Mlookheyeh Chmlookheyeh
Arabs have an uncanny ability to consider anything verbally-transmitted during card gatherings, family dinners, and coffee visits as scientifically correct.
How many times have you heard this phrase?
الملوخية عشبة خضراء لا تضر ولا تنفع
Personally, I’ve heard it many times, and again today, when someone mentioned that saying as scientific proof that not all that’s green is good.
I agree, of course, that not everything that’s green is good. Many green-colored vegetables are absolutely disgusting, such as cucumbers. I usually avoid green-colored food because I do not find in them any culinary value for my sugar-obsessed taste buds.

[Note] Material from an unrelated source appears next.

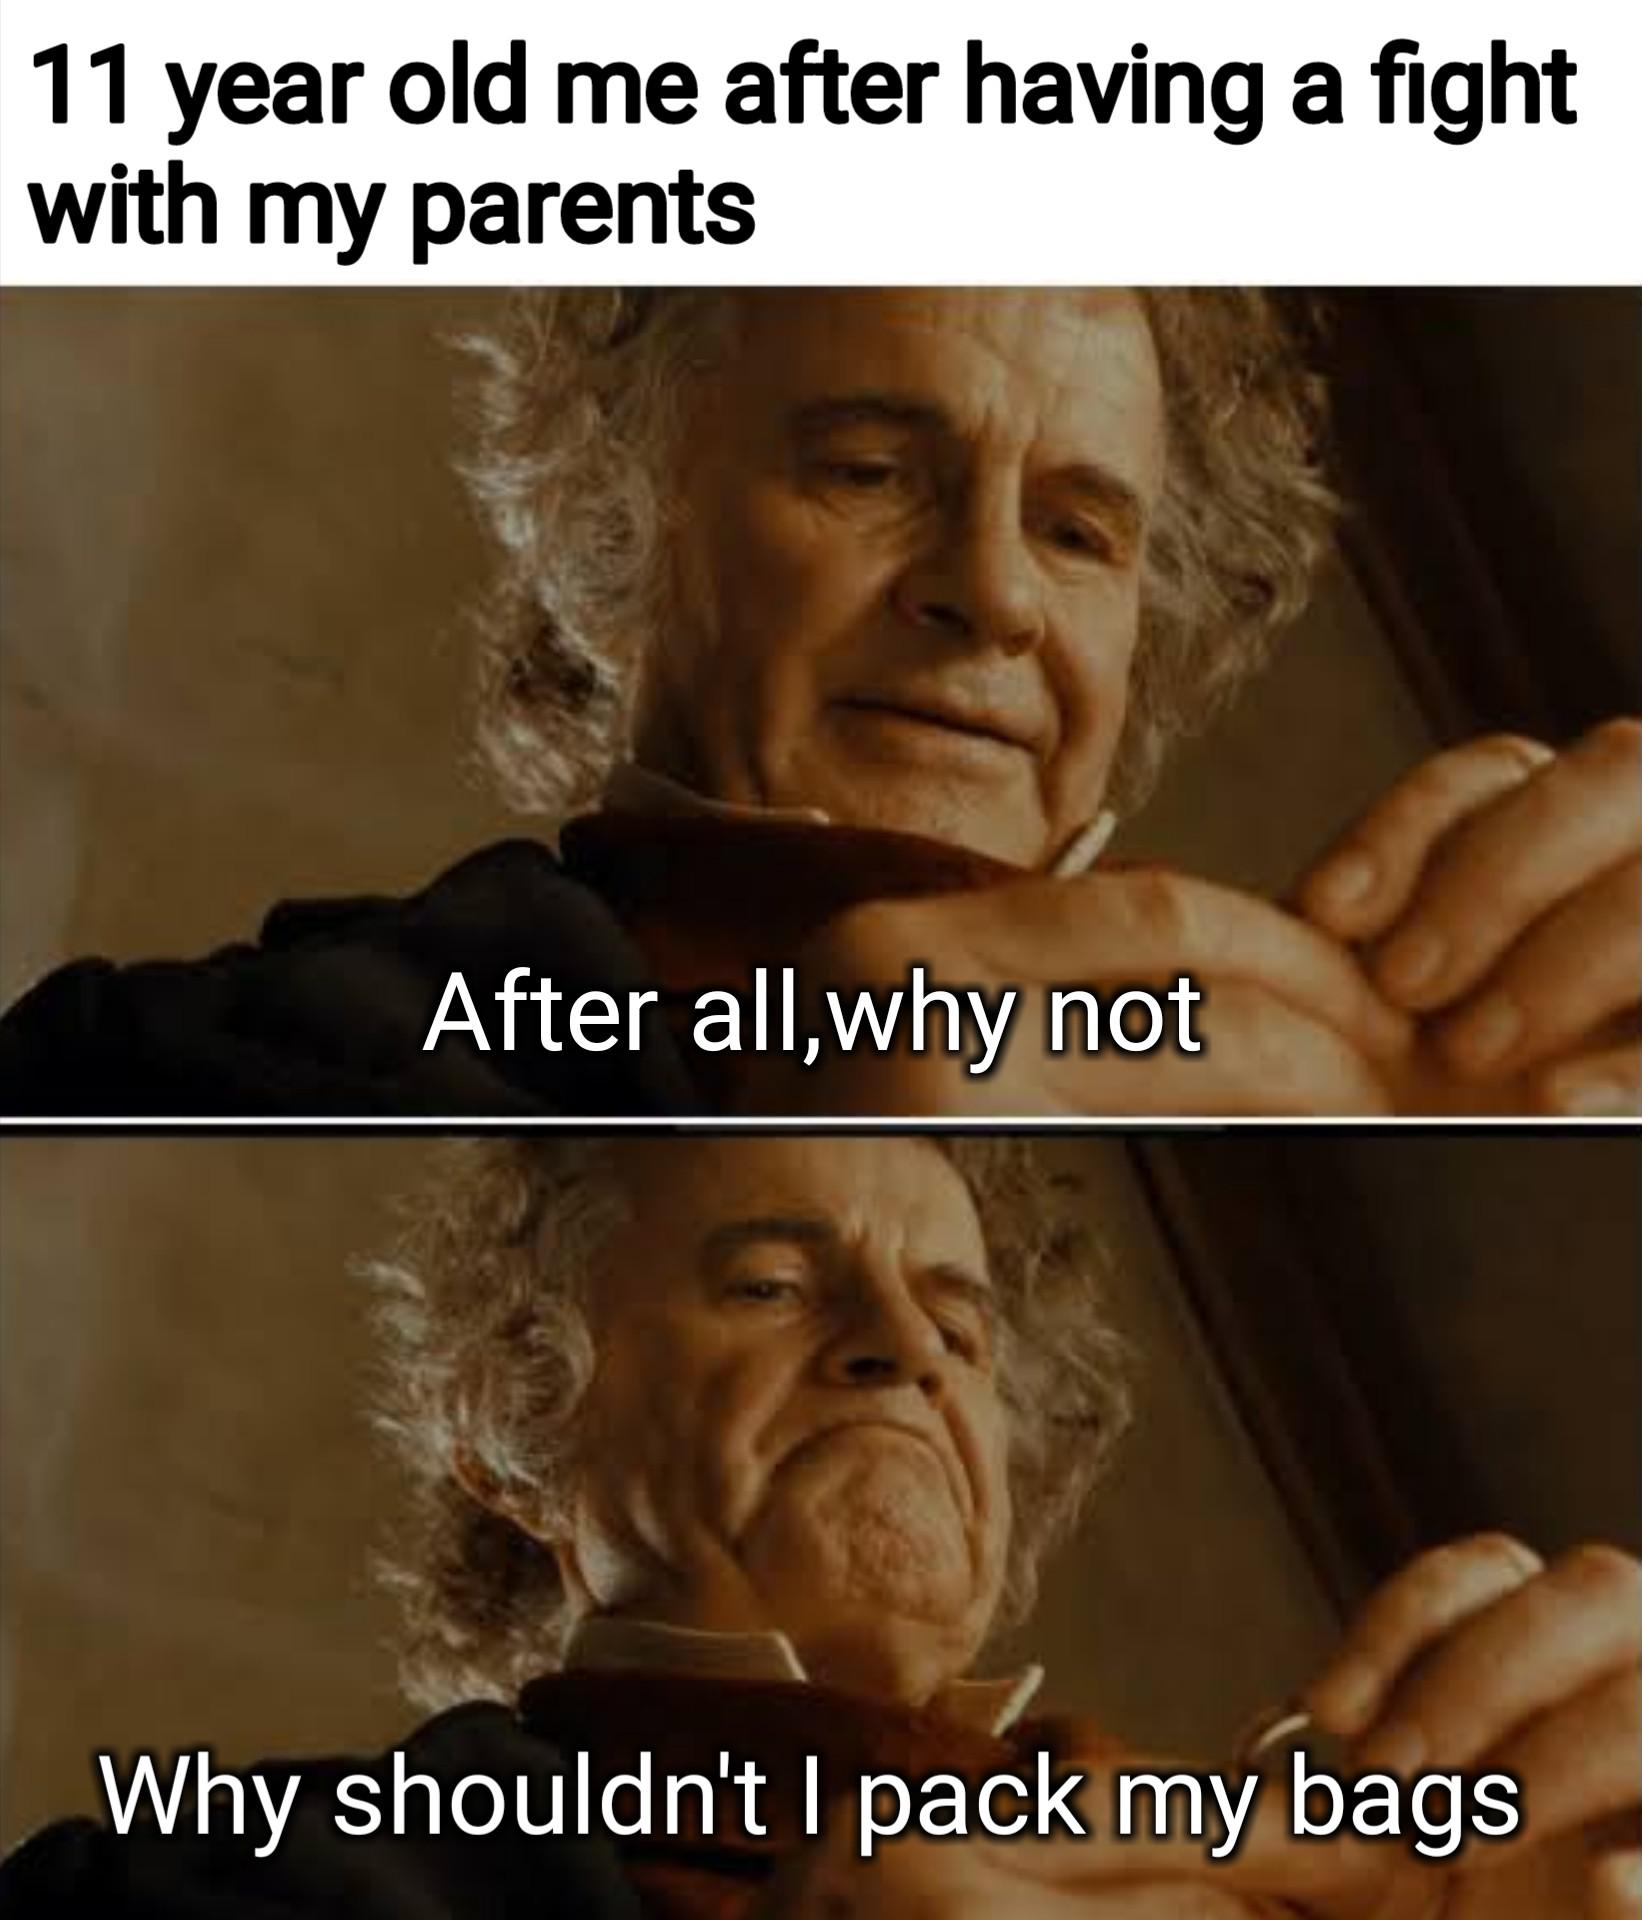 bilbo baggins after all why not meme - suez memes - 11 year old me after having a fight with my parents After all,why not Why shouldn't I pack my bags

But come on, taste-buds aside, an urban saying that regards leafy green plants as not even slightly beneficial in terms of nutrition is a saying I’m not likely to take with a grain of salt (for the smart asses: antinutrient levels are usually balanced when leaves are cooked).
So I did a little internet burrowing, and came across a research paper published in the Asian Journal of Plant Sciences called “Nutritional Analysis of the South African Wild Vegetable Corchorus olitorius L.”
Corchorus olitorius is also known as jute, mallow, and of course, mlookheyeh. According to research, the article claims no significant nutritional differences between C. olitorius and spinach leaves.
They even have a cute little chart and all that compares nutritional values between Mlookhyeh, cabbage (malfoof), and spinach (sabanekh):

Okay. Point is, we really shouldn’t listen to Arab urban legends/sayings/myth when it comes to the nutritional value of food. Not only doesn’t apply with Mlookhyeh, it also applies to how what they tell you is really good for you is really just perfume (case in point: Mazaher, read rant here).